Морис доедал отбивную котлету, опьяненный не столько белым вином, сверкавшим в его стакане, сколько этой великой славой, певшей гимны в его памяти, как вдруг его взгляд упал на оборванных солдат, покрытых грязью, похожих на разбойников, уставших рыскать по дорогам; Морис слышал, как они спросили у служанки, где именно стоят полки, расположившиеся лагерем вдоль канала.
Морис подозвал их:
– Эй, товарищи, сюда!.. Да ведь вы из седьмого корпуса?
– Конечно. Из первой дивизии!.. Черт подери! Нам да не быть оттуда! Ведь я сражался под Фрешвиллером, там дело было жаркое, могу за это поручиться… А этот товарищ, он из первого корпуса; он был под Виссенбургом; тоже скверное место!
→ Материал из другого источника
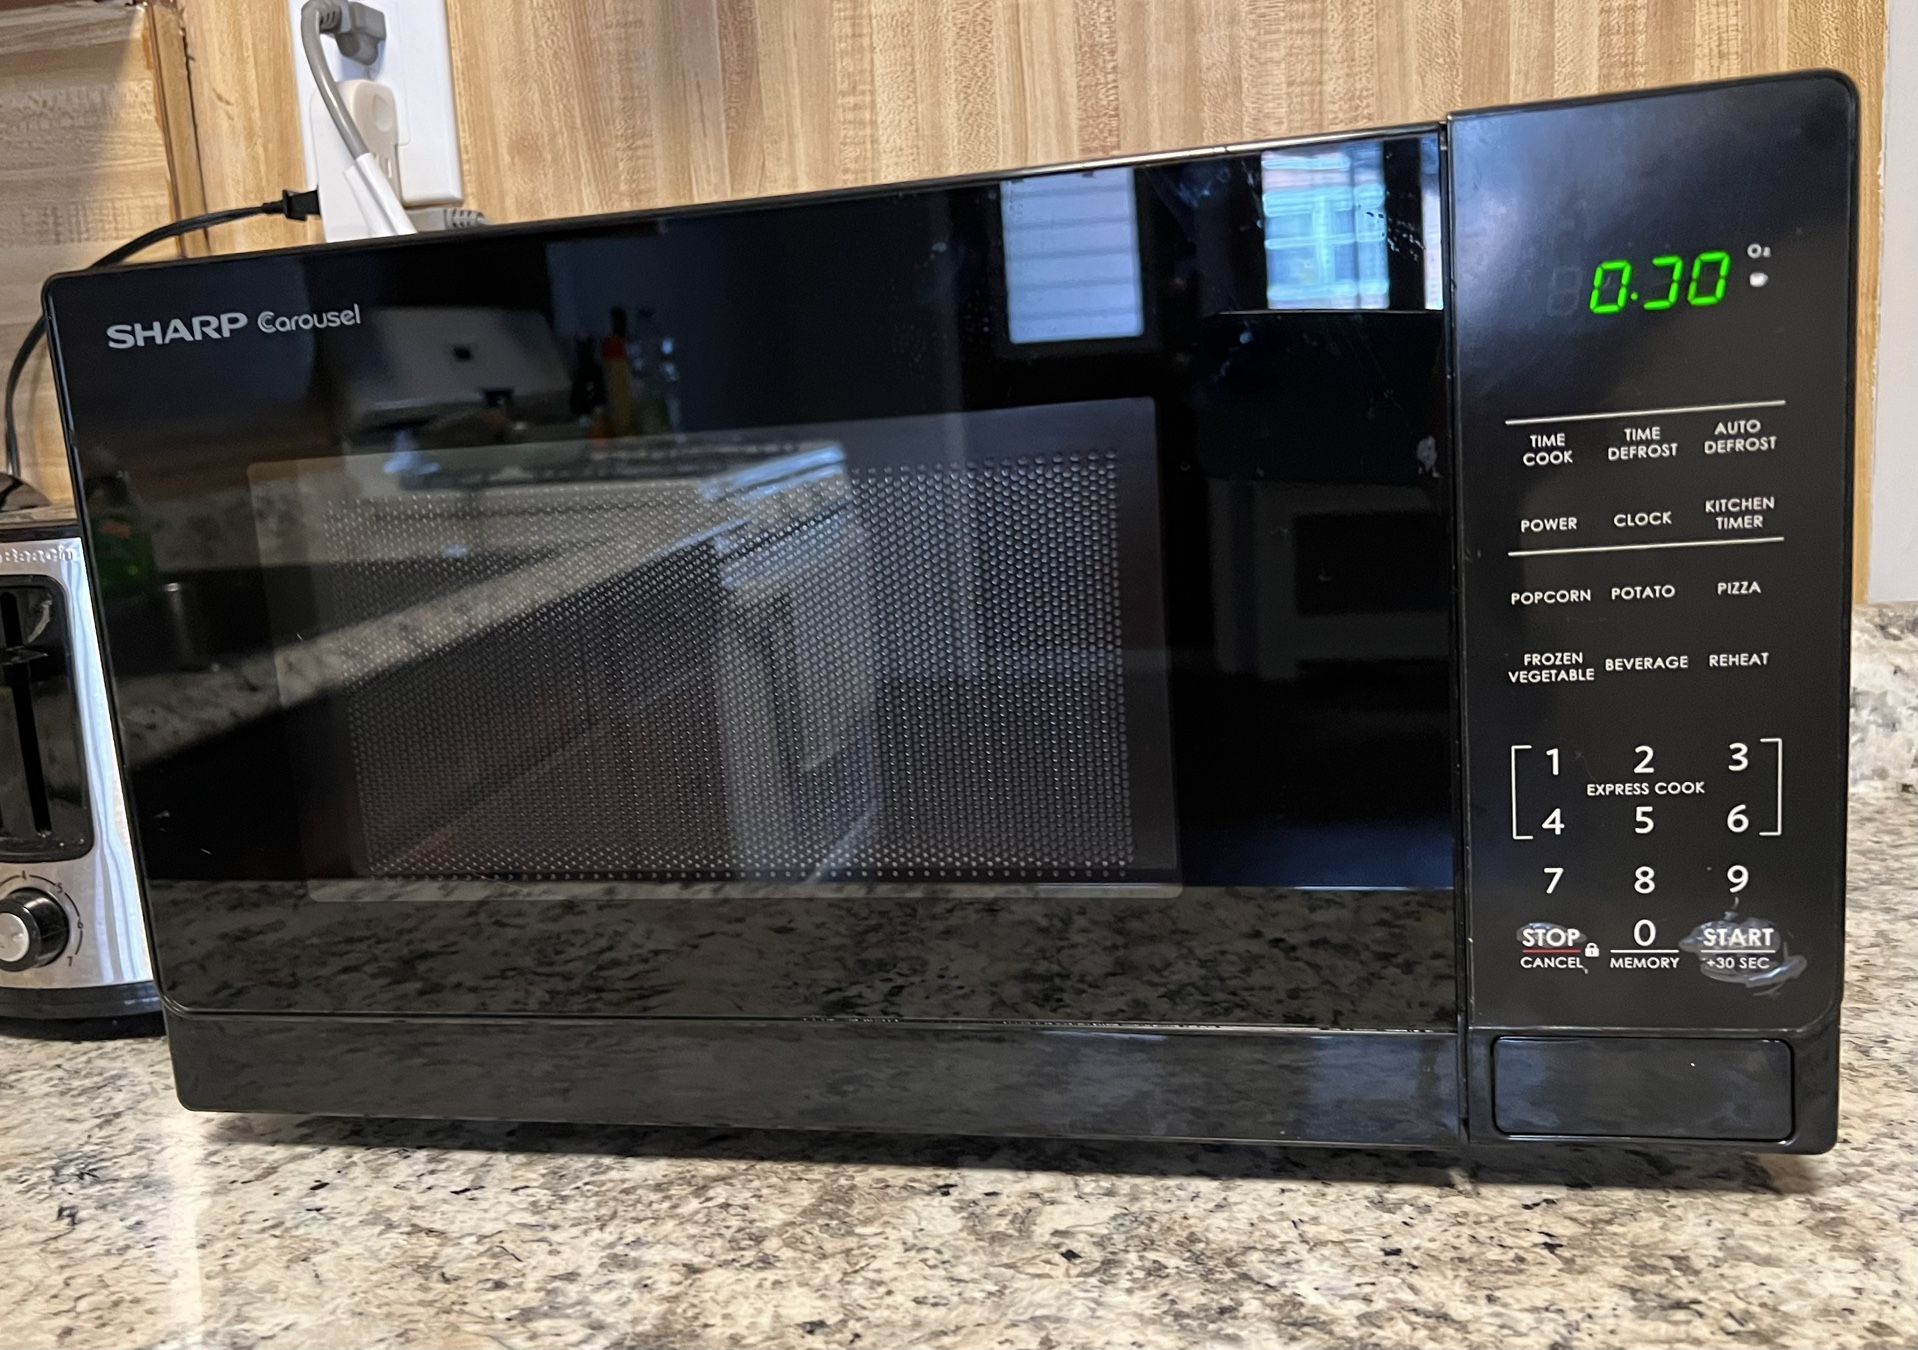 Microwave for sale for Sale in Queens, NY - OfferUp
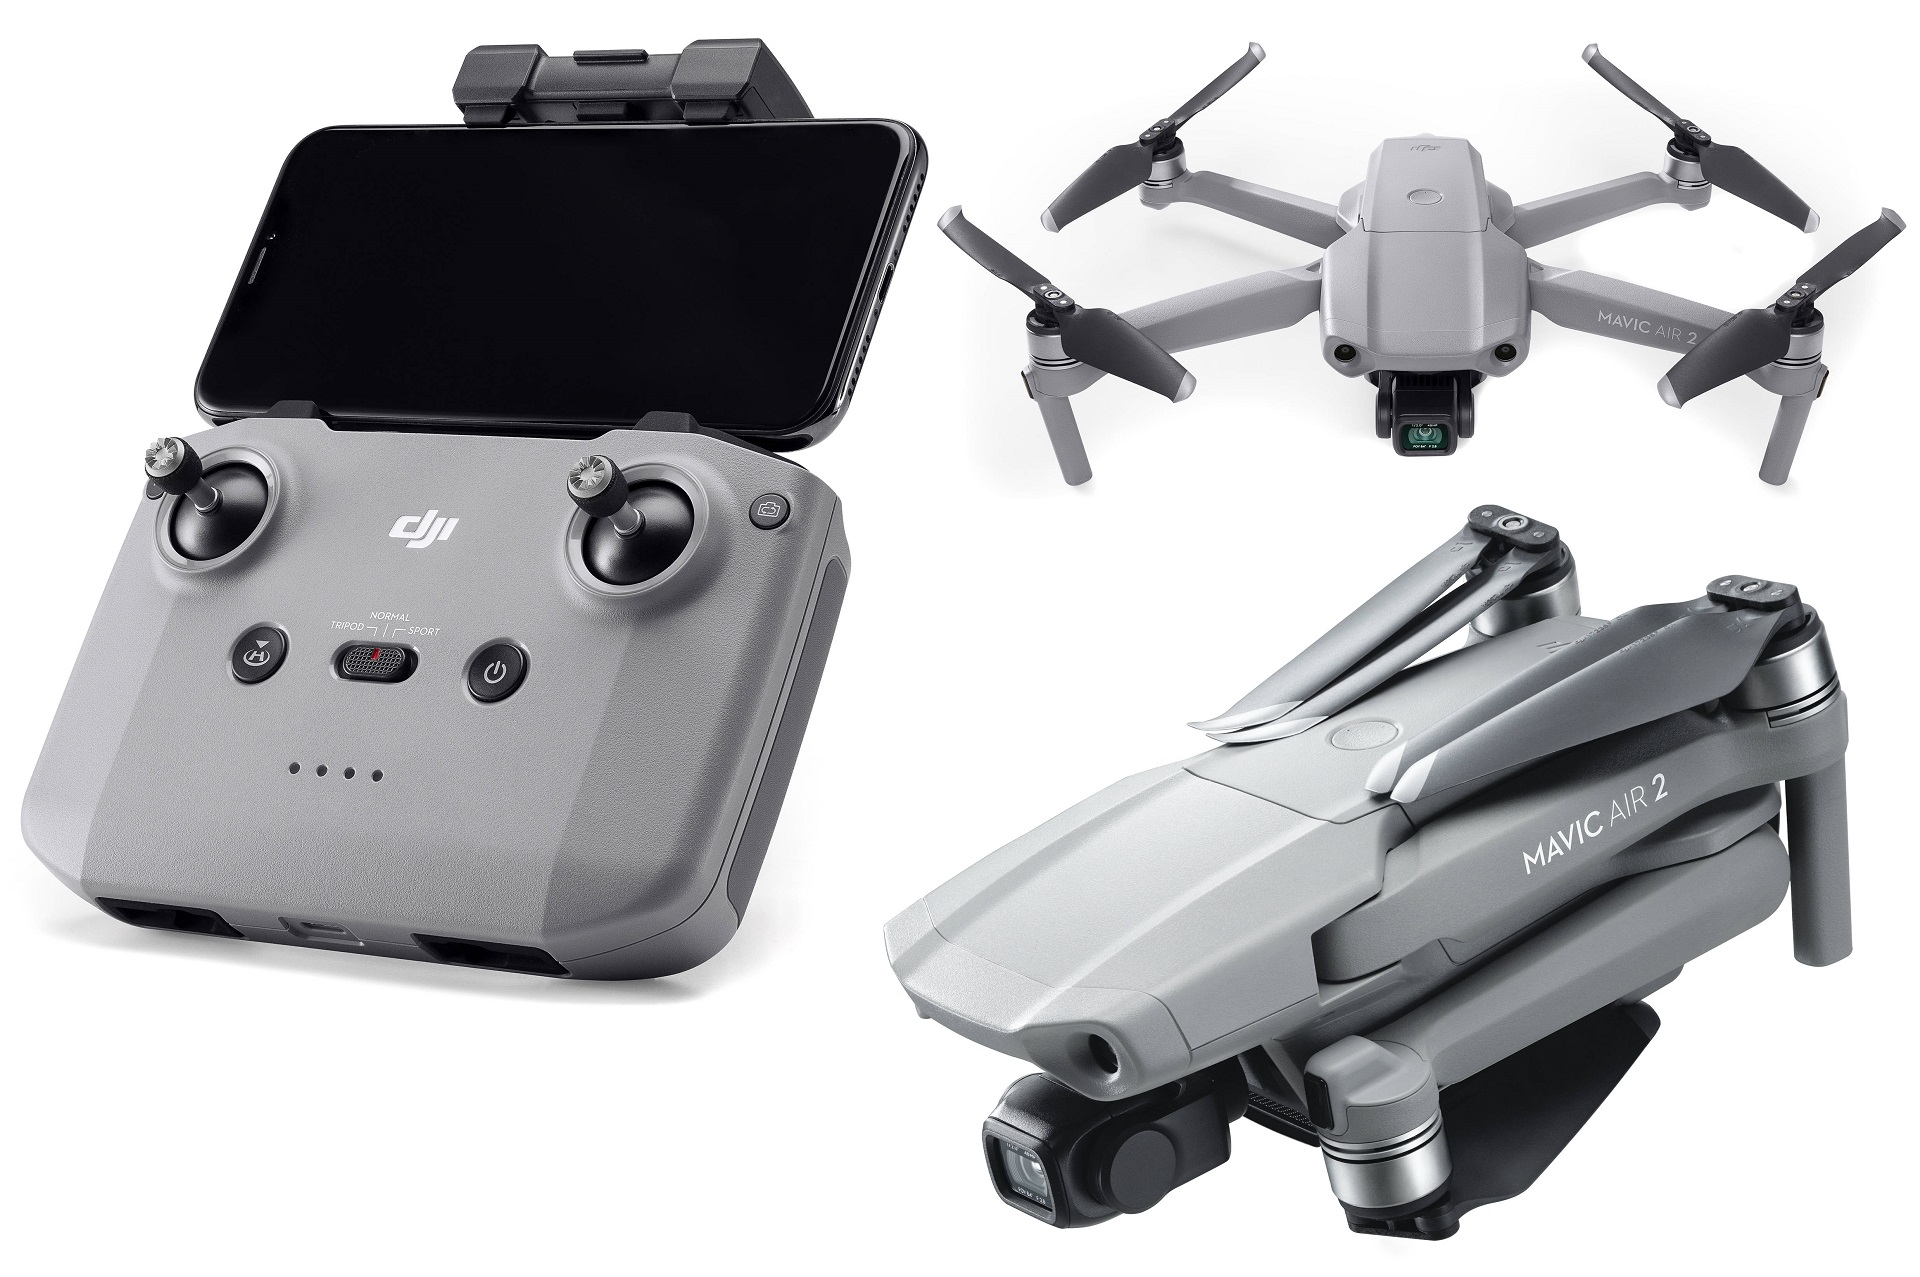 DJI Mavic Air 2 Update Released Digital Zoom, Safety Flight Mode, and

Они рассказали, как их понесло в общем потоке бегства, как они, полумертвые от усталости, остались на дне оврага, были даже ранены и потащились в хвосте армии, и вынуждены останавливаться в городах, страдая от приступов изнурительной лихорадки, и так отстали, что только теперь, слегка оправившись, пришли сюда, чтобы найти свою часть.
У Мориса сжалось сердце: готовясь приступить к швейцарскому сыру, он заметил, как они жадно взглянули на его тарелку.
– Мадмуазель! – позвал он служанку. – Еще сыра, хлеба и вина!.. Товарищи, вы тоже закусите, правда? Я угощаю. За ваше здоровье!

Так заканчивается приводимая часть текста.